For Wells Fargo Advisors Financial Network, offering advisors more choice in terms of how they want to practice helped propel the business to a record year in recruiting in 2012.

The network, also called FiNet, hired 152 advisors last year, its second best recruiting year since that business was launched 11 years ago, according to Wells Fargo. The pace of recruiting was second only to 2009, when advisors transitioned at a record pace immediately following the financial crisis. In addition, FiNet added 67 new independent practices in 2012, bringing its total number of practices to 561. The FiNet business currently has 1,167 advisors and $63.4 billion in client assets.

The choices that the FiNet business offers, from how to market a business to who to hire, also serve as a litmus test for prospective financial advisor hires as to whether they’re ready to go independent, Wells Fargo Advisors Financial Network President Kent Christian said in an interview Monday at the Investment Management Consultants Association’s New York Consultants Conference.

“For some folks, they hear that and they’re completely energized by it,” Christian said of the responsibilities that come with running an independent practice, while other advisors are not. “During the recruitment process, those are things that we’re listening for and probing.”

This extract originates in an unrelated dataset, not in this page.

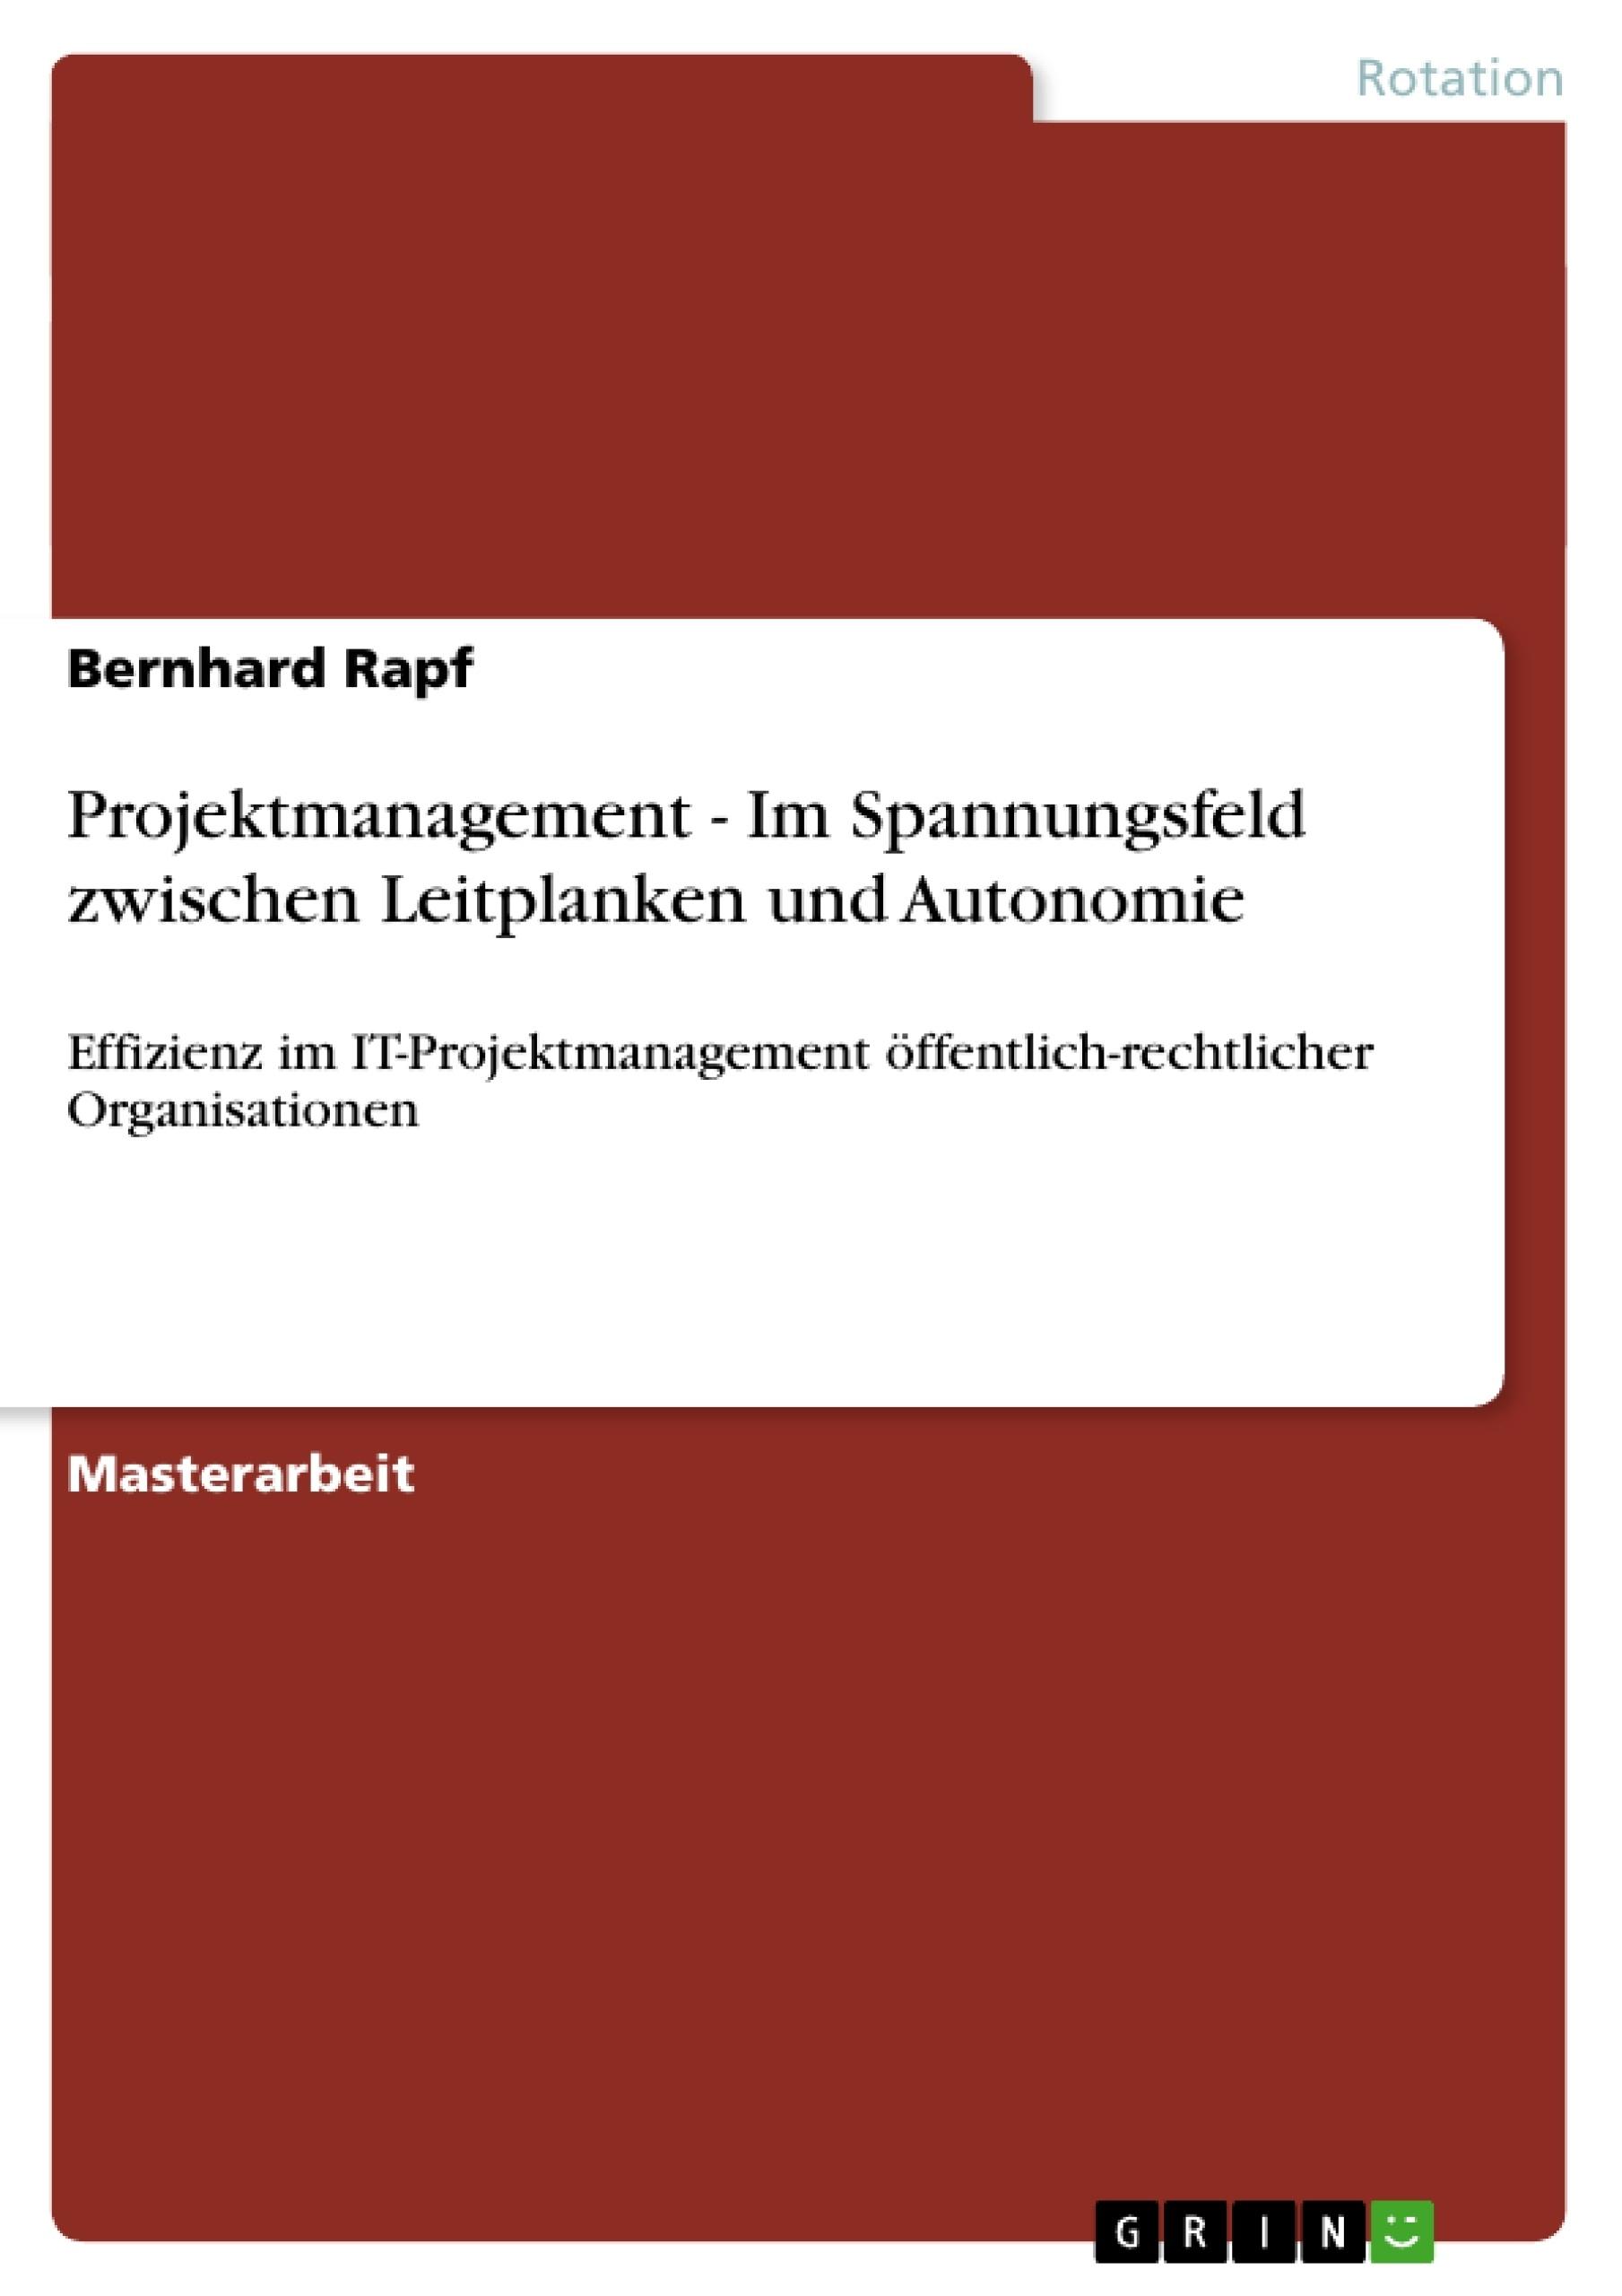 Titel: Projektmanagement - Im Spannungsfeld zwischen Leitplanken und Autonomie

More than half of the advisors who joined FiNet last year came from wirehouse firms, according to Christian. Those rival firms, which include Merrill Lynch, Morgan Stanley and UBS, do not offer a multi-channel structure where advisors can practice independently. By contrast, last year Wells Fargo transitioned about 40 of its own advisors to its independent model. Other new advisor hires came to FiNet from regional wealth management firms, Christian said, followed by advisors from other independent wealth management models.

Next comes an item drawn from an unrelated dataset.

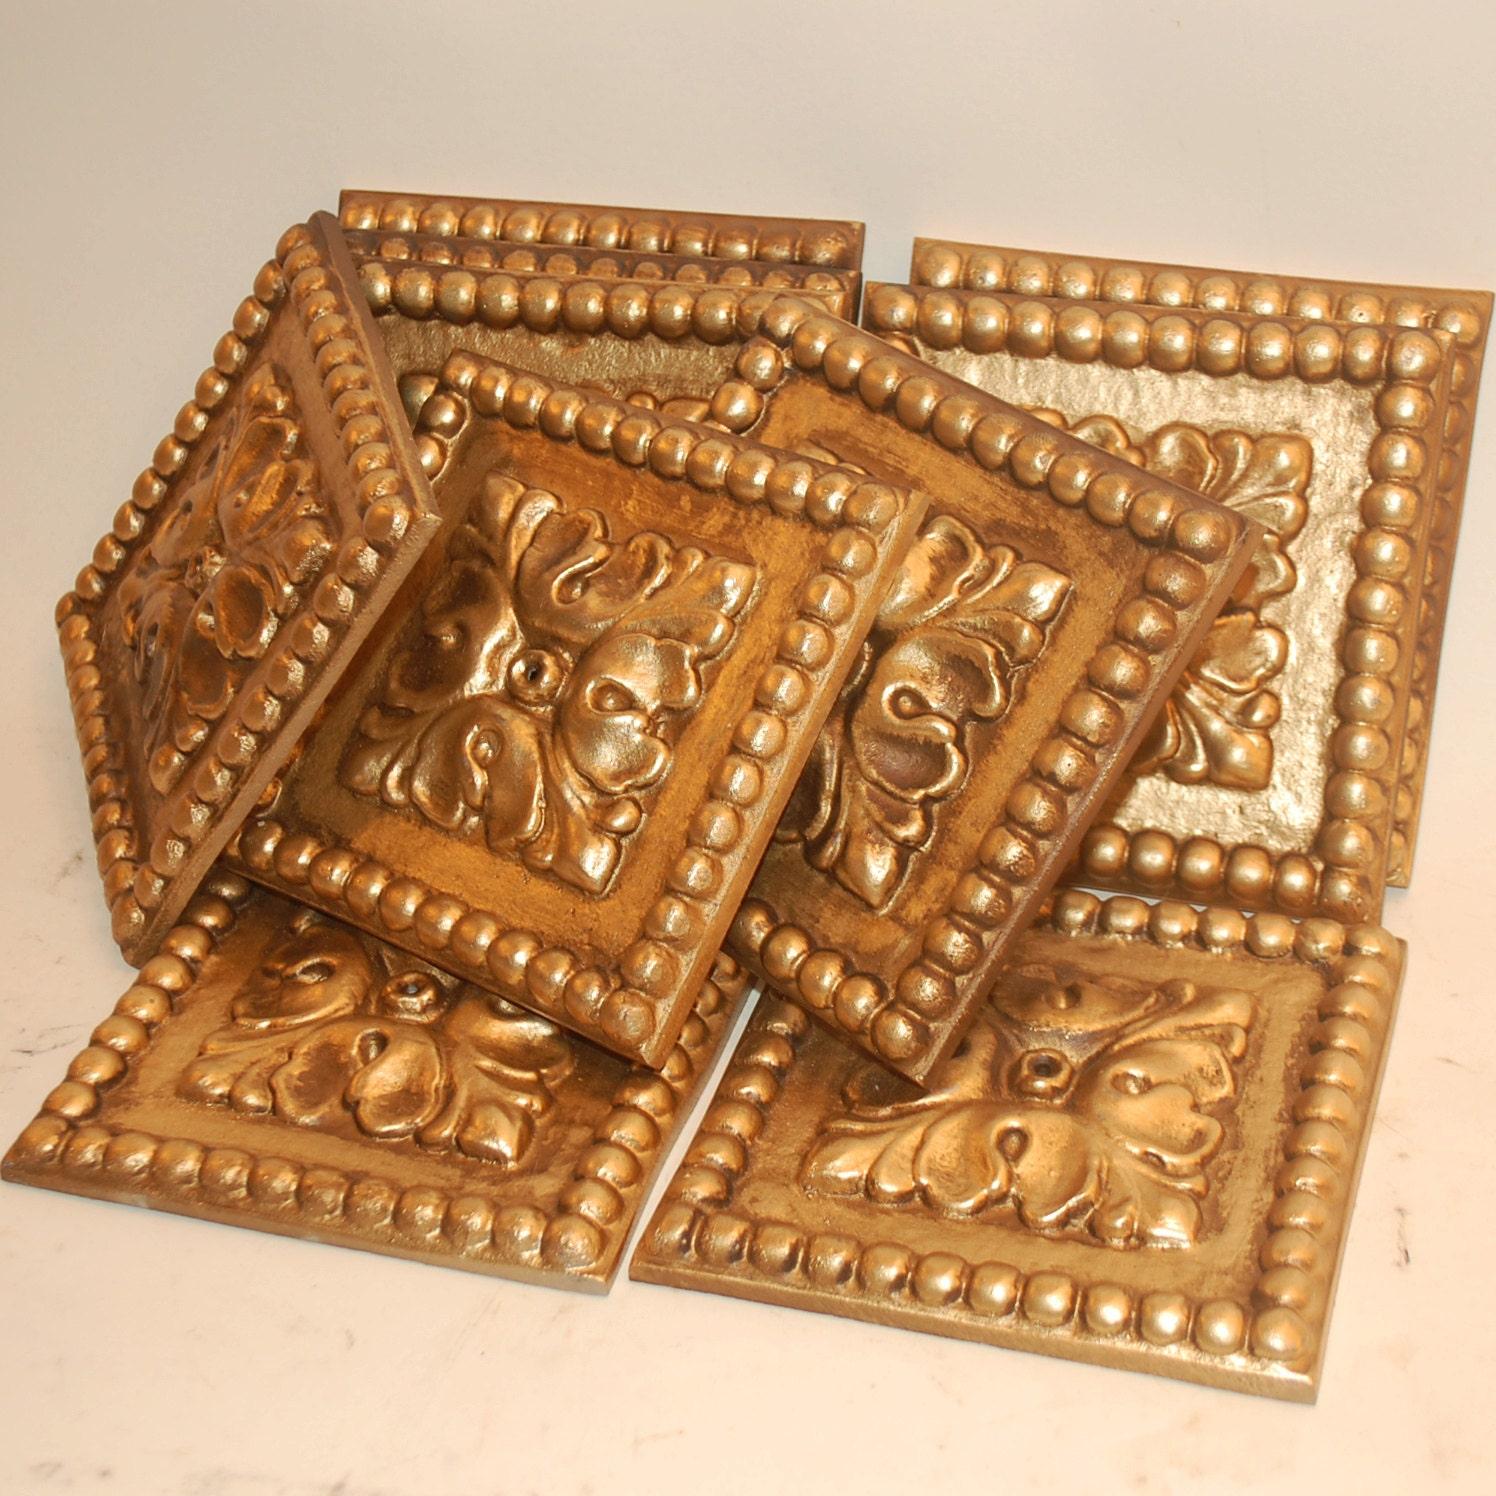 Ten Decorative Wall Tiles Trim Cast Aluminum Metal

The financial advisors who join FiNet typically have an average industry length of service of 19 to 20 years and about $60 million in assets under management and $594,000 in gross revenue.

“They’re a long way from startup,” Christian said of FiNet’s recruits. “We’re frankly aren’t interested in folks that are starting up. There’s too much risk, there’s too much distraction for them to do that and to be independent, so we want to make sure they’re focused on that.”

Other advisors that FiNet also shies away from hiring are the ones who are on the brink of retirement. “We like folks that are thinking about retirement and succession planning, but they might be five to 15 years away from that,” Christian said.

For Christian, who was named to the helm of FiNet six months ago and has served at Wells Fargo for seven years, the appeal of the firm’s independent model for financial advisors now comes down to three reasons: the cachet that practicing independently now has with successful financial advisors; the strong technology platform that FiNet is able to offer that rivals what even the largest wirehouse firms can offer; and the opportunity to operate truly independently with access to Wells Fargo’s resources.

Those sentiments, combined with the industry changes successful advisors have seen in recent years—from terminated managers to lackluster technology—should continue to help FiNet keep up its hiring momentum, according to Christian.

“More advisors, and specifically more wirehouse advisors, are interested in talking than we’ve ever seen,” Christian said. “So our pipeline going into ’13 remains very robust.”